In December 1983, Gompers ran 2 hours, 15 minutes, and 28 seconds in his first ever marathon while still a freshman at Harvard. The time was a world under-20 record, and it still stands as the fastest marathon ever by an American teenager. At the 1985 World University Games, Gompers won his first international medal by placing 3rd in the men's marathon.

Gompers trained by running 150 to 170 miles per week, including 35 miles at once sometimes.

==Career==
Gompers worked as a biochemist for Bayer shortly after college. After his PhD, he was an assistant professor of finance at the University of Chicago's Booth School of Business. He joined the Harvard Business School, where he eventually became the Eugene Holman Professor of Business Administration. He now teaches executive education at the HBS. He has written between 50 and 60 business cases. He has also published articles in The Journal of Finance, the Journal of Financial Economics, the Brookings Papers on Economic Activity, The Journal of Private Equity, the Quarterly Journal of Economics, The Journal of Law and Economics, etc. Additionally, he is the co-author of three books, two of which were co-authored with his HBS colleague Josh Lerner and the third one with his HBS colleague William A. Sahlman.

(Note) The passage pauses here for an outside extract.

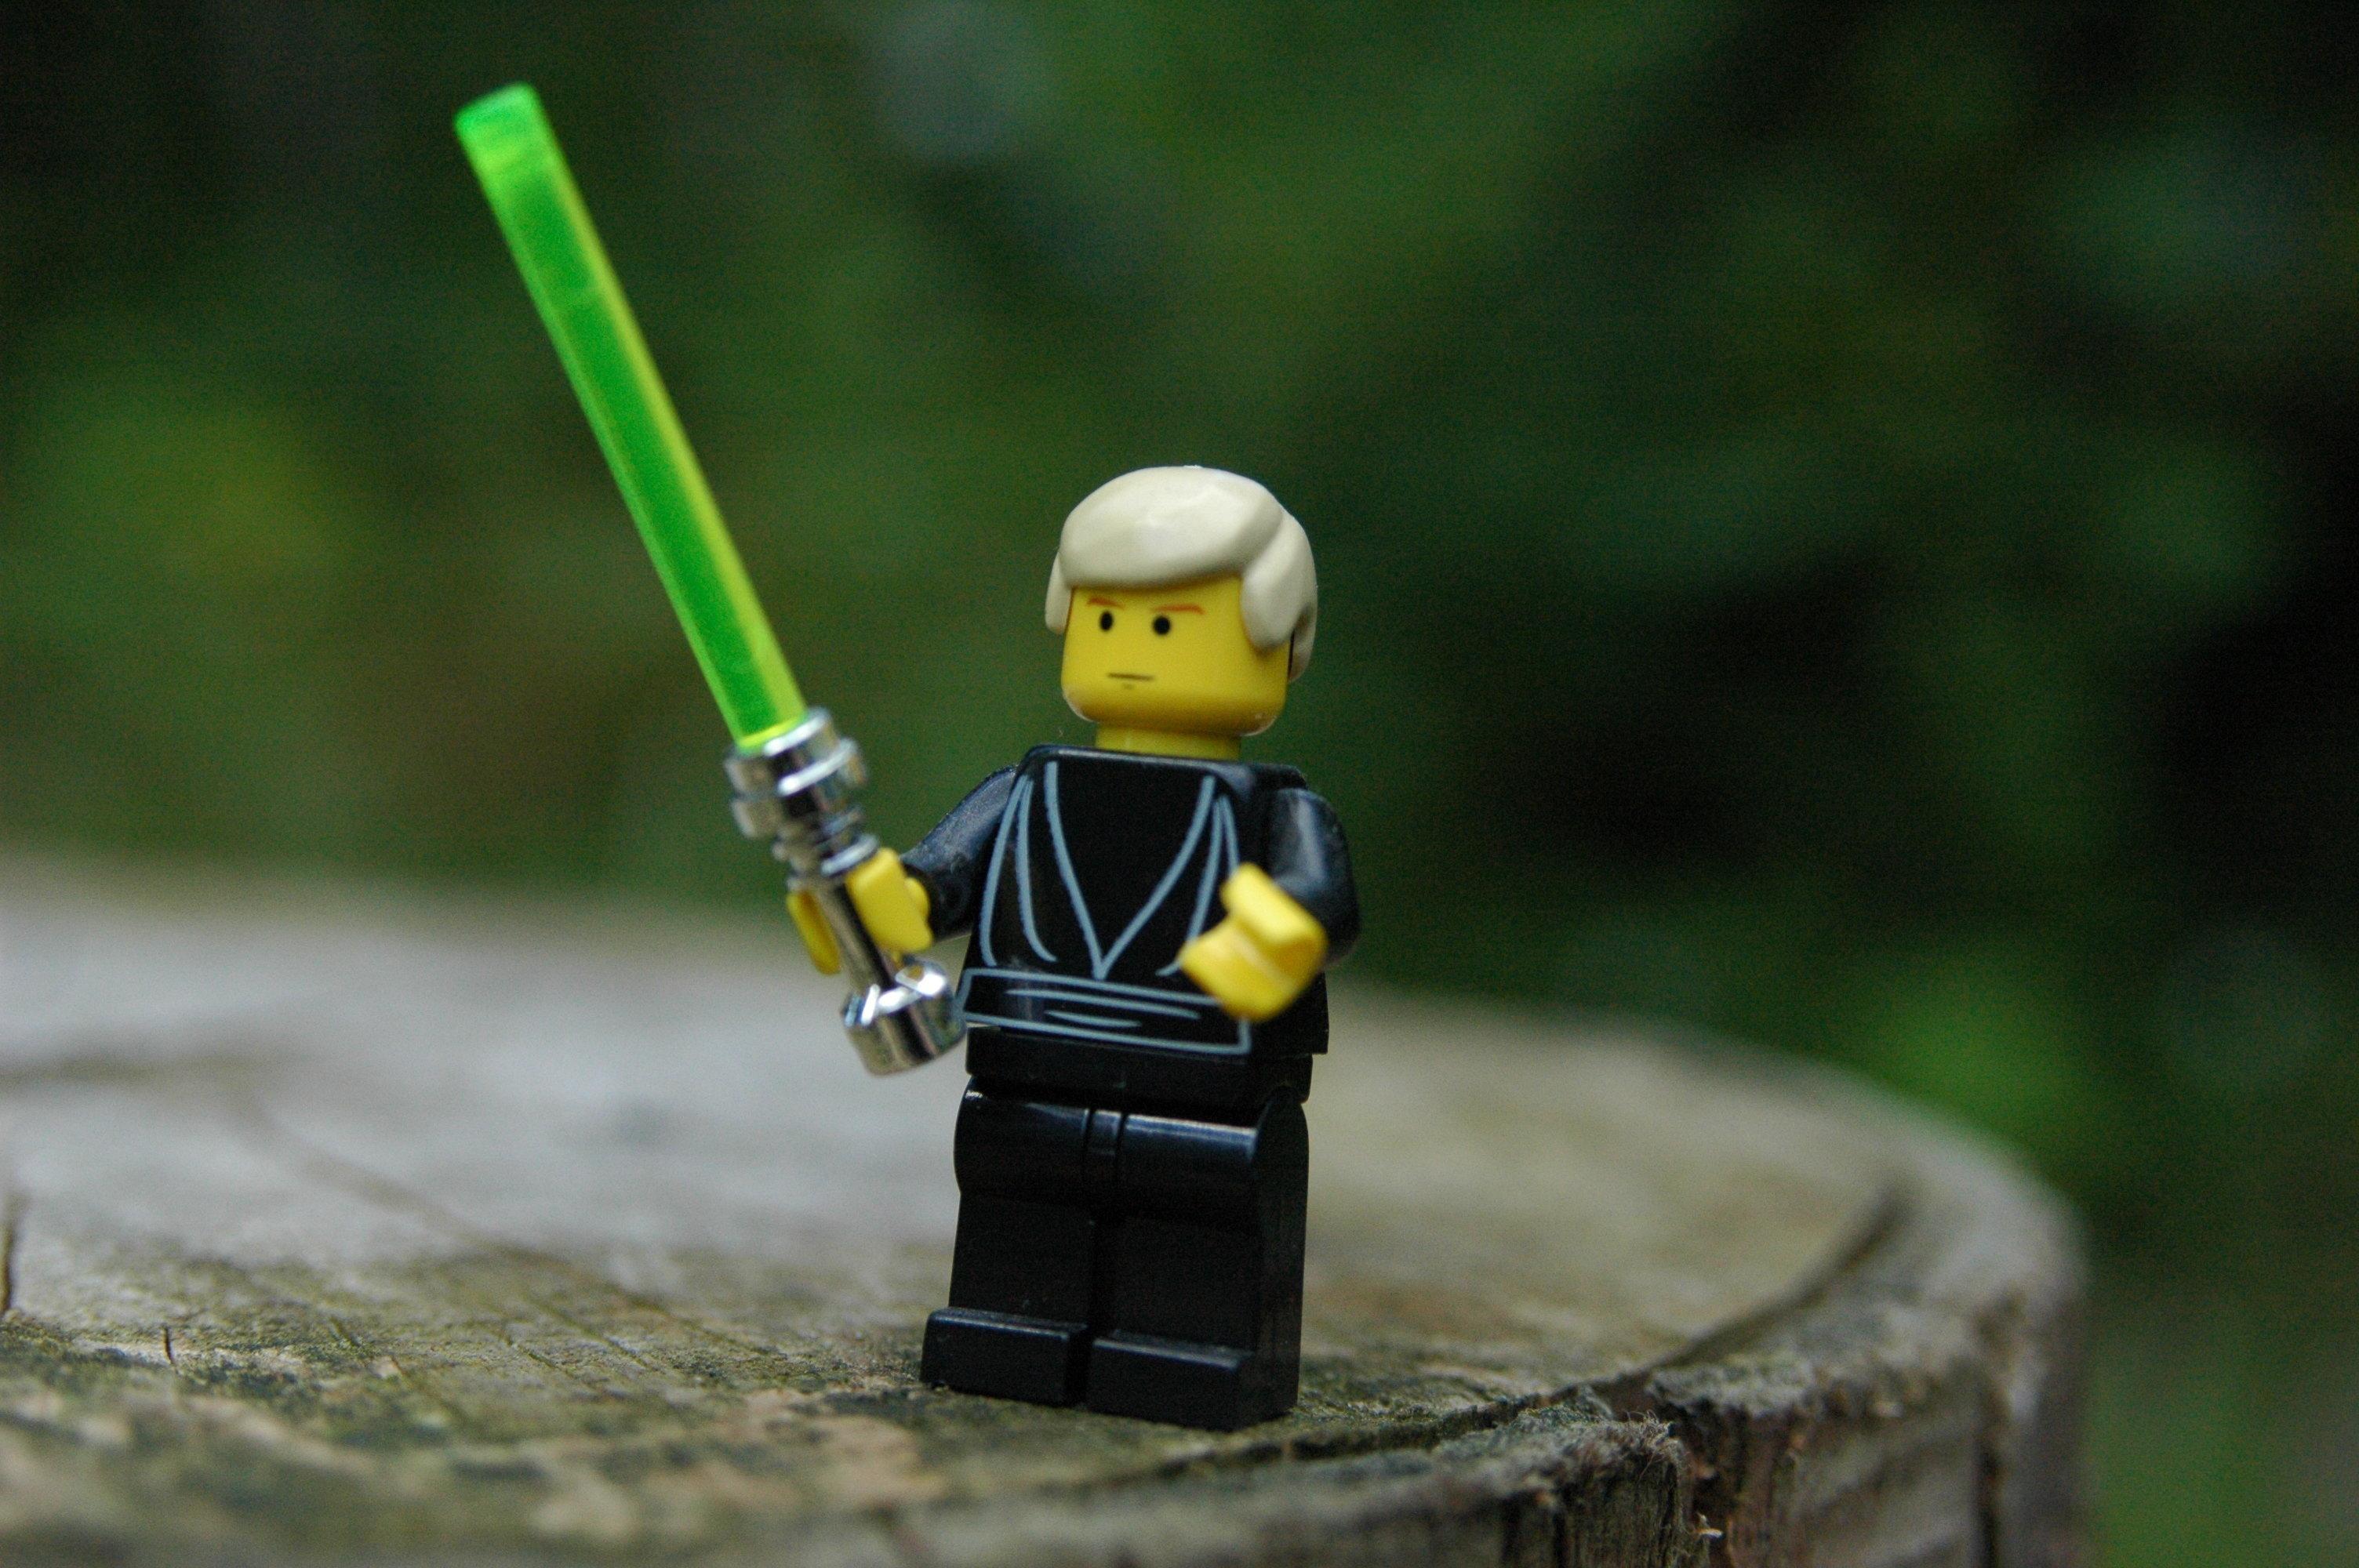 Lego Minifigure - Luke Skywalker from Return of the Jedi. Shot outdoors, natural lighting.

Gompers serves on the board of directors of Spur Capital Partners, a private equity firm. He is also a senior advisor to Cornerstone Research, a litigation consulting firm. He is also a research associate at the National Bureau of Economic Research.

==Works==
- Gompers, Paul A. (1999). "The Venture Capital Cycle"
- Gompers, Paul A. (2001). "The Money of Invention: How Venture Capital Creates New Wealth"
- Gompers, Paul A. (2001). "Entrepreneurial Finance: A Casebook"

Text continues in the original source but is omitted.